Word frequency analysis


29 Jan 2010

In the previous update, I wrote about an analysis of single characters in Chinese text. I have now updated my program to analyse words instead of individual characters by searching the open source Chinese-English dictionary, CC-CEDICT, and checking whether combinations of characters form words. This slows program significantly and leads to a problem with names, most of which aren’t in the dictionary. However, speed yet isn't too much of an issue and I’ve created a way to output the information, so that once the analyser has been run once, I can save the information. The I can quickly load it in other programs that make use of it. I think I’ll get around the problem of names by having a dictionary of my own that the program checks first. This should also speed up analysis as this dictionary will only contain common words and will be much smaller, thus quicker to search.

I have run the program again, on a slightly larger dataset (just over 50,00 words, but I haven’t counted how many individual characters this represents) as the number of texts I have slowly increases. The analysis doesn’t differ too much from before, only it removes some of the redundancy of, for example, having 什 and 么 separate. It also reduces the frequency of certain words, such as 我 and 的, as 我的, 我们 and 他的 are counted as separate words. I think the main benefit will come when I add word types (noun, verb, adjective etc.).

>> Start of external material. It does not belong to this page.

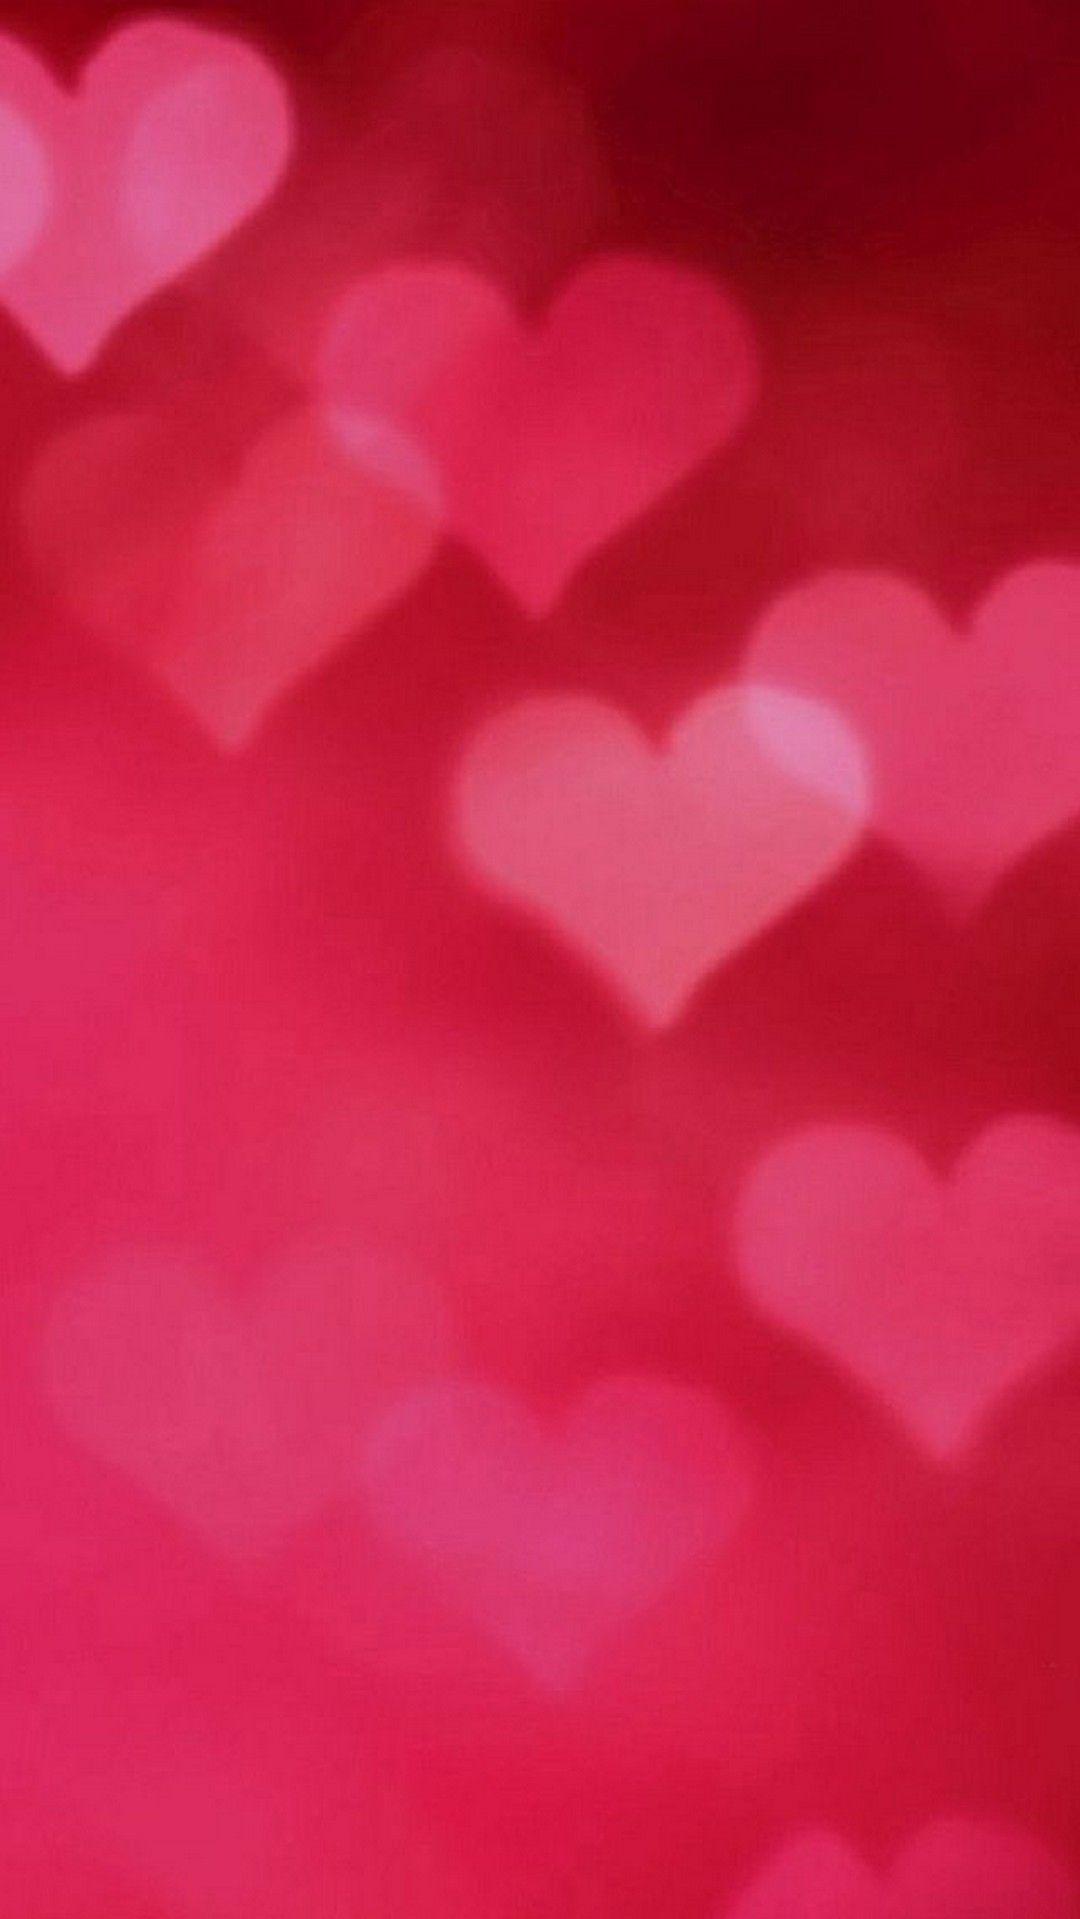 Valentine iPhone Wallpaper On

This is a screenshot of the app with 发现 selected. In the lists you can see various other compound words, such as 不知道. You can also see that I’ve added the pinyin and meaning of the selected word, although I need to tidy up how this is displayed. I’d also like to add a search bar, so you can find specific words (it took me a while to find 发现). I’ve tried to add a better font (cyberbit.ttf), but for some reason, it has only replaced some characters (characters for which there is an alternative traditional character, I think). In fact, the same happens regardless of the font I used in Tkinter. Something to sort out later. I have at least sorted the problem in Pygame, but more on that later.

Word analyser showing the result for faxian

You can see that the app also now contains a Generate button and a box of gibberish. I'll explain the meaning of this in the next update.